Modern medicine has provided an increase in life expectancy, but along with this gain has come an increase in cases of neurodegenerative disease. Parkinson’s disease, a motor disorder characterized by stiffness, tremors and slowness of movement, is the second most common neurodegenerative disease. Its symptoms are caused by death of dopaminergic neurons in the brain. Parkinson’s disease has no cure, can only be detected in late stages, and has only palliative treatment available.
Much research has focused on finding the origin of Parkinson’s disease, yet scientists are unfortunately still far from it. Nevertheless, the scientific community has no doubt that the protein a-synuclein is a key factor in the pathogenesis of Parkinson’s disease.
Parkinson’s is a disease of the synapse, the communication junction between nerve cells. Synaptic dysfunction is correlated with cognitive impairment in several neurodegenerative diseases, including Parkinson’s. Thus, there is an imperative need to fix synapses in these patients.
Communication between neurons occurs when an electrical impulse stimulates a neuron to release a neurotransmitter, which activates the next neuron. A process called clathrin mediated endocytosis helps maintain the neurons’ release of neurotransmitter and allows neurons to be ready to activate every time a nerve impulse arrives.
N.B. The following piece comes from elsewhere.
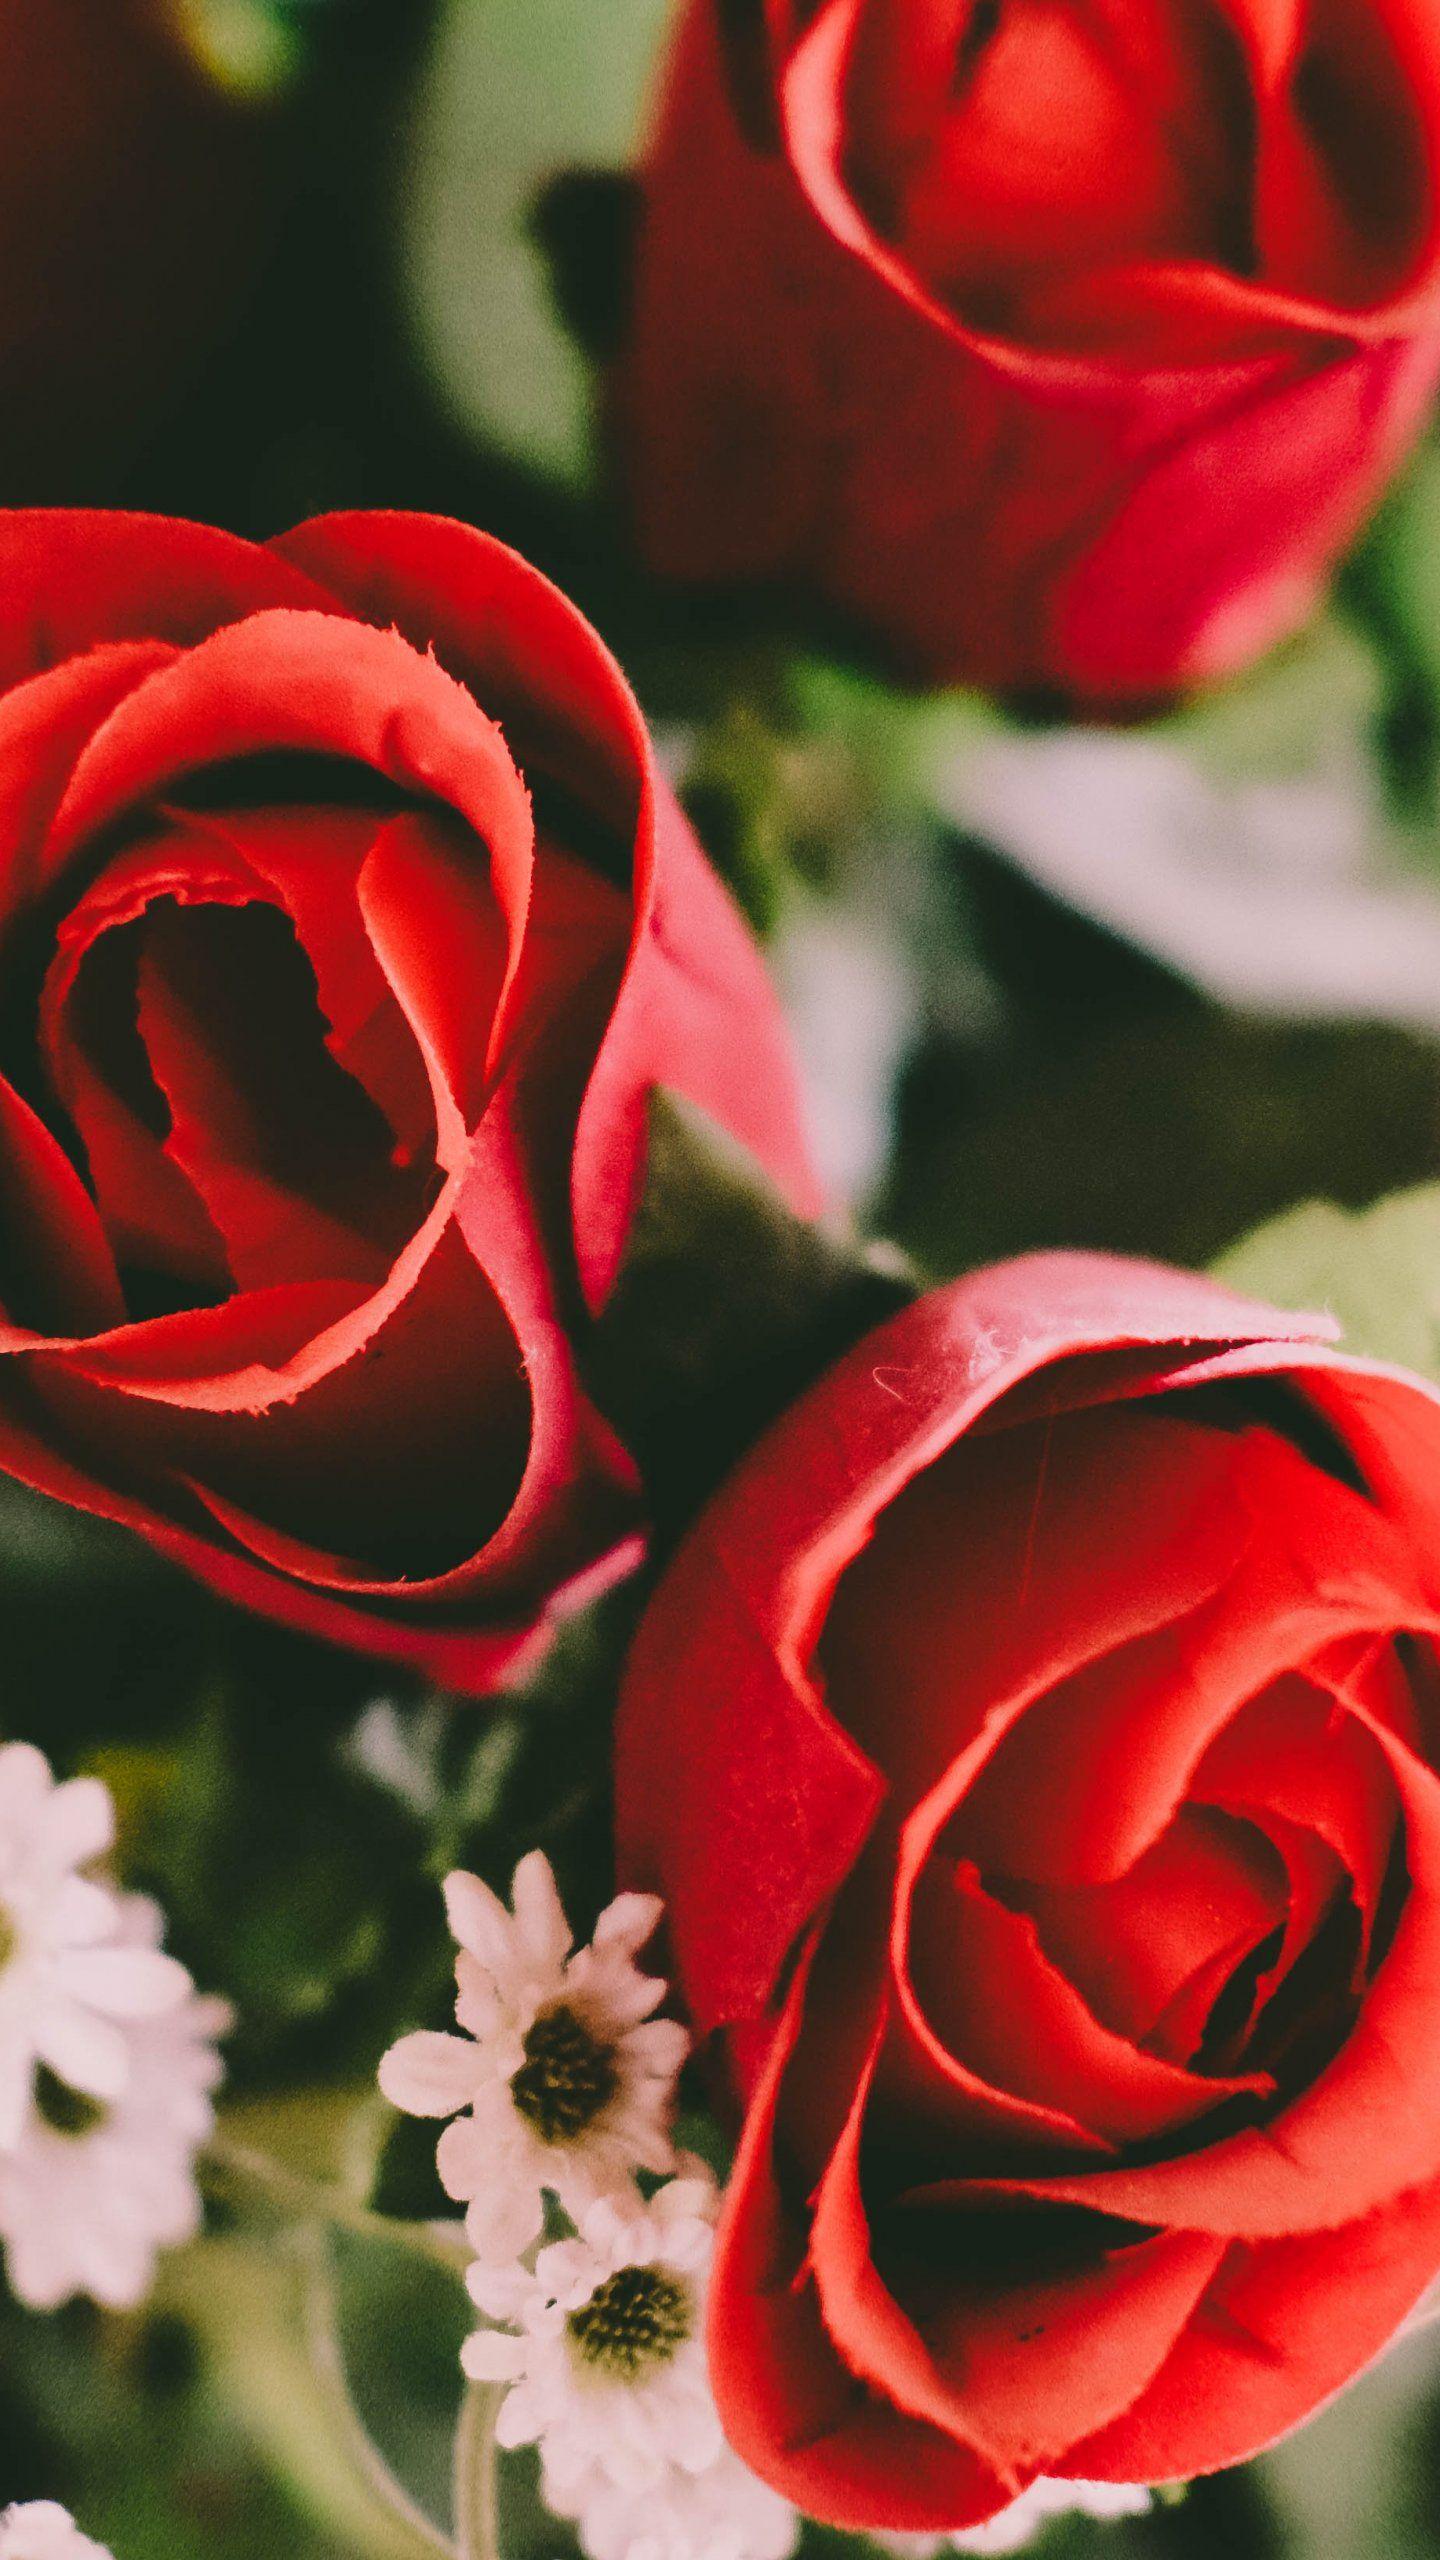 Red Roses Wallpaper, Android & Desktop Background. Red roses wallpaper, Flower wallpaper, Floral wallpaper desktop

a-Synuclein is located in the presynapse, the part of the neuron that contains the synaptic vesicles loaded with neurotransmitter. It is not completely understood how this protein works in the synapse. The completion of that research can illuminate the origin of Parkinson’s disease and suggest effective ways to treat it.
To pursue this, MBL Research Scientist Karina Vargas recently received a grant from the National Institutes of Health called “Roles for alpha-Synuclein in Clathrin-Mediated Synaptic Vesicle Recycling”. Vargas will observe a-synuclein in the synapses of lampreys and mice. “The sea lamprey is a wonderful model for synaptic studies. The particularly large size of its synapse combined with MBL’s state-of-the-art microscopy makes the observations clear,” she says. In the lamprey synapse, Vargas will investigate where a-synuclein, clathrin and the synaptic vesicle are. Using the mouse model, Vargas will study different proteins from clathrin-mediated endocytosis that are working with a-synuclein. The ultimate goal of the project is to discover which proteins are a-synuclein partners and how they work together to affect the endocytosis of synaptic vesicles and, thus, neurotransmission.
Karina Vargas (photo at top) is a research scientist in Jennifer Morgan’s laboratory in the MBL’s Eugene Bell Center for Regenerative Biology and Tissue Engineering.